The boat was a three-man craft. One man steered the boat with the rudder and the other two aided the steering by paddling
according to the rudderman’s orders. They slipped down the chute—the smooth tongue of water that rushed from the upper lip
of the rapids—and into the white water.

“That man at the rudder knows what he’s doing,” Jonah commented.

The little craft deftly dodged rocks and a dead tree that reached out into the current like a skeletal arm reaching for passing
boats.

“Hell,” Patrick said. “The run isn’t that hard. They’re getting through just fine.”

Katy was silent. She couldn’t share Patrick’s casual attitude about the torrent. The roar of the water seemed to shake the
very walls of the valley.

“They’re in trouble,” Camilla gasped.

The boat plunged toward a huge hole in the river created by the downthrust of water over a submerged rock. Katy could see
the rudderman shout as he attempted to veer away. Caught in an eddy of current, the boat spun in a circle. The oarsmen paddled
frantically. The boat stopped spinning, then plunged into the hole stern first. For endless moments it disappeared from view.
Katy heard the collective intake of breath of all those on the bank watching. Fully a dozen Klondikers waited for something
to reappear—a boat or splinters of a boat. After
what seemed an eternity the game little craft shot out of the hole, bow pointed toward the sky. It flew clear of the water
and for a breathless moment hovered in the air. Then the water reached out and grabbed it. The oarsmen put their muscles into
their paddling.

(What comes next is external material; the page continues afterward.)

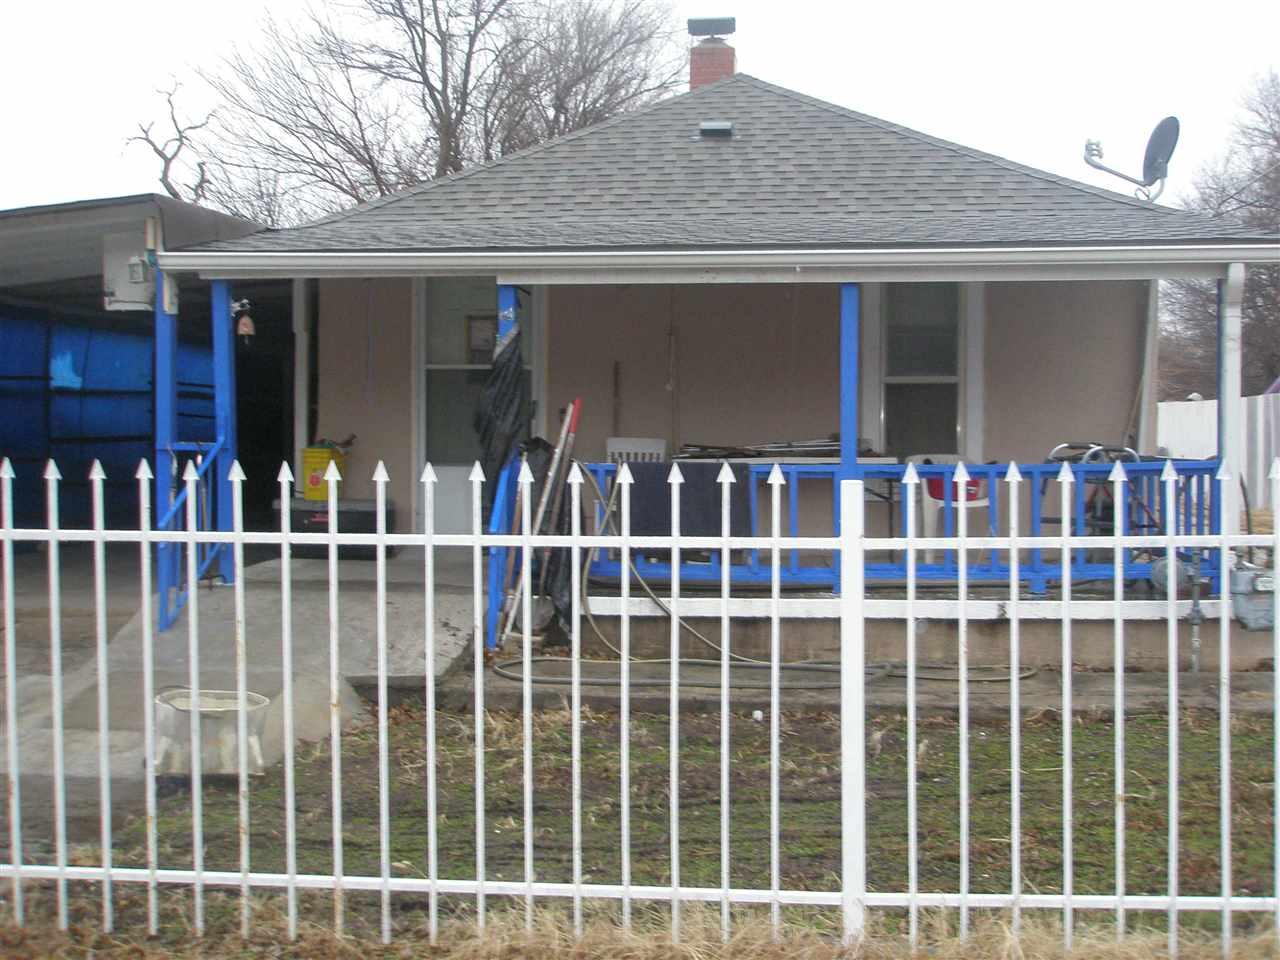 3051 N Fairview Ave, Wichita, KS, 67204

The boat straightened and surged forward, heading toward calmer water. Katy watched them until they disappeared
downstream amid the spray and foam. They had perhaps another half mile of rough water to endure, but for them, the worst was
over. They would pull to shore downstream and wait for the other boats, standing guard over the mouth of the rapids to snatch
people and goods from the river if the need arose.

The second boat negotiated the rapids without excitement or incident. The third bounced off a rock or two, but held together
and was still upright when it disappeared downstream.

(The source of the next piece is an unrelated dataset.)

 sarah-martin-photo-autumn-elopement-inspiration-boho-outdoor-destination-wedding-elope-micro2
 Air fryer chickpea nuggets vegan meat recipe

Camilla gripped Katy’s hand when it came their turn to brave the passage. “It’ll be fine,” Katy told her, hoping it was true.
The other rapids they had bounced through had been fun, not frightening; the other rapids had been mere riffles compared to
Whitehorse.

Patrick was at the rudder as they drifted toward the dropoff that was the chute into the rapid. With the roar of the water
deafening her ears and uneasiness clutching her stomach, Katy would have felt more confident with Jonah steering, but it was
Patrick’s turn, and the Irishman was loudly confident of his ability to get them through safely. Jonah sat in the bow, oar
in hand, and Andy sat opposite him. Camilla and Katy crouched amidships, hands gripping the tie-down ropes, arms linked. Camilla
was as pale as ash, and Andy didn’t look much better. Jonah’s face was impassive except for the ever so slight wink he sent
in Katy’s direction—or was that simply her imagination.

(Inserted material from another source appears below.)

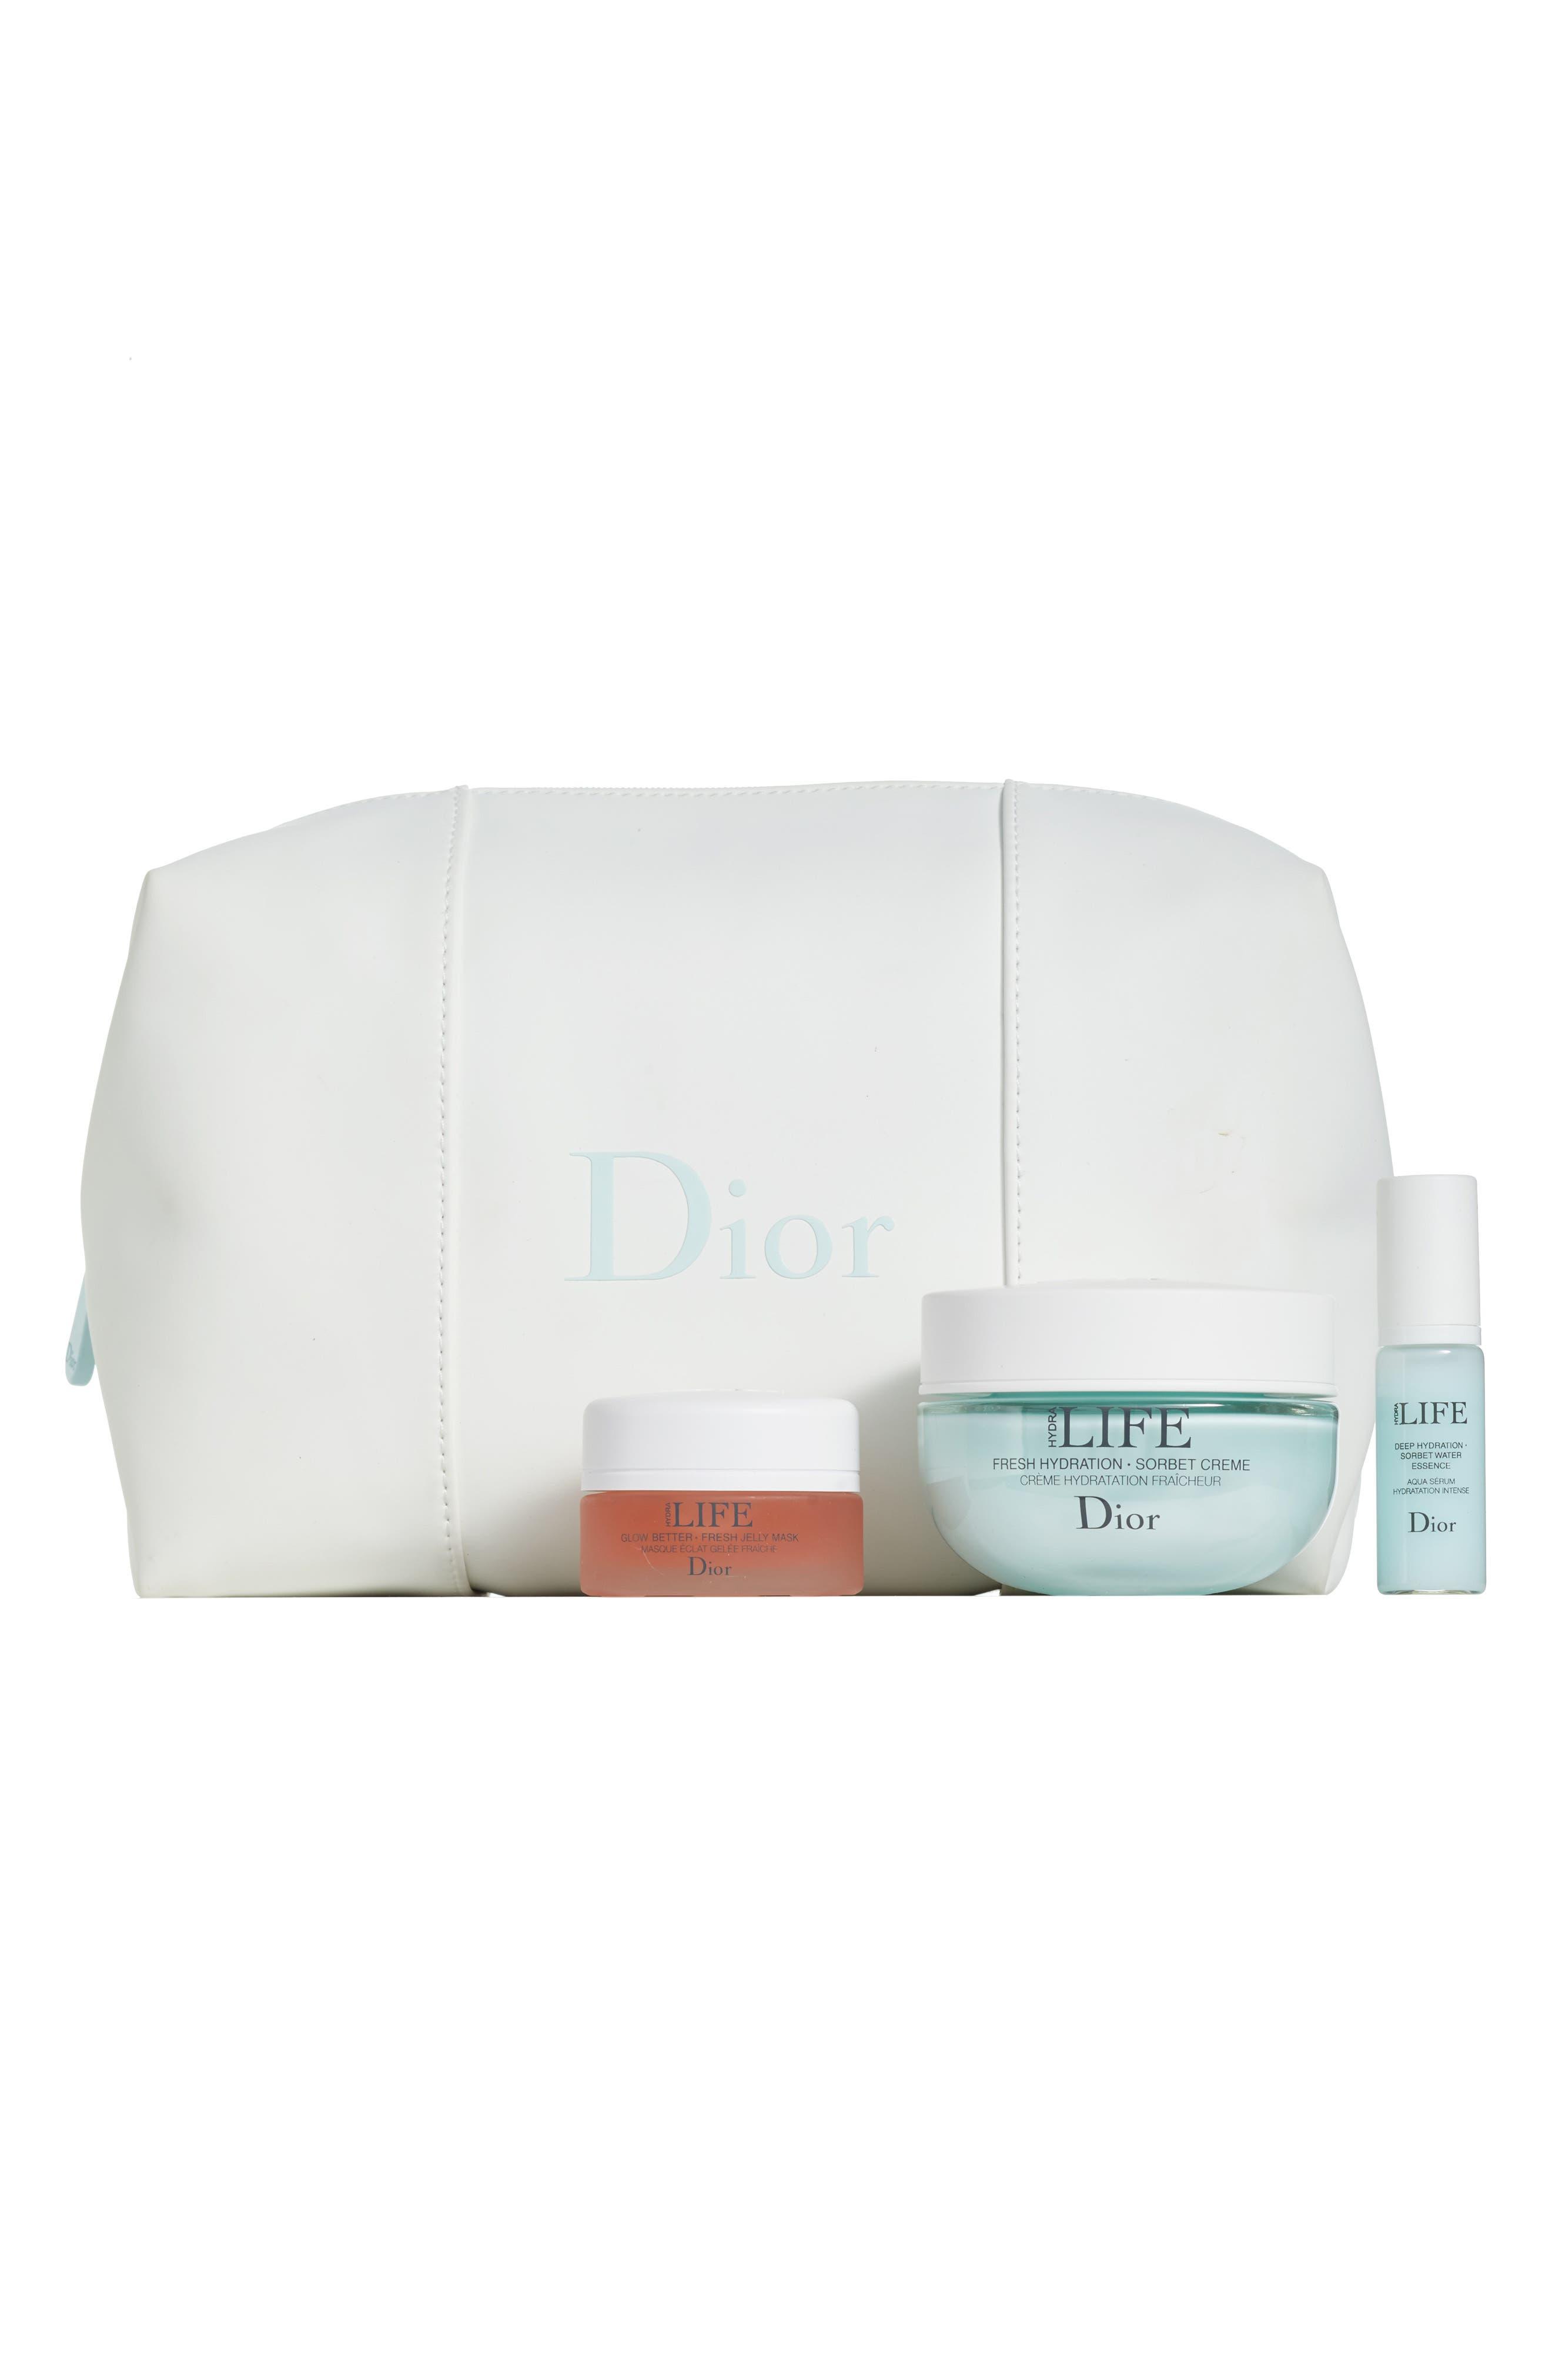 Alternate Image 1 Selected - Dior Hydra Life Set ($102 Value)

Hunter had declined to join them in the adventure. He trotted along the bank as they floated downstream, then, when the gently
sloping valley tightened to a steep-walled gorge, he
easily loped to the top of the cliffs and watched their passage as they had watched others.

Katy had a bad feeling about Hunter’s temporary desertion. Maybe the wolf had more sense than they did. She gripped Camilla
tightly as the boat rushed down the chute, suddenly wishing that she had given in to the urge to kiss Jonah one more time
the night before. All night long her dreams had been haunted by that step she hadn’t taken, that one step where her courage
had failed her. Suddenly, as the roar of the water and the cold slap of the river in her face drowned all other sensations,
that one missed kiss seemed very important.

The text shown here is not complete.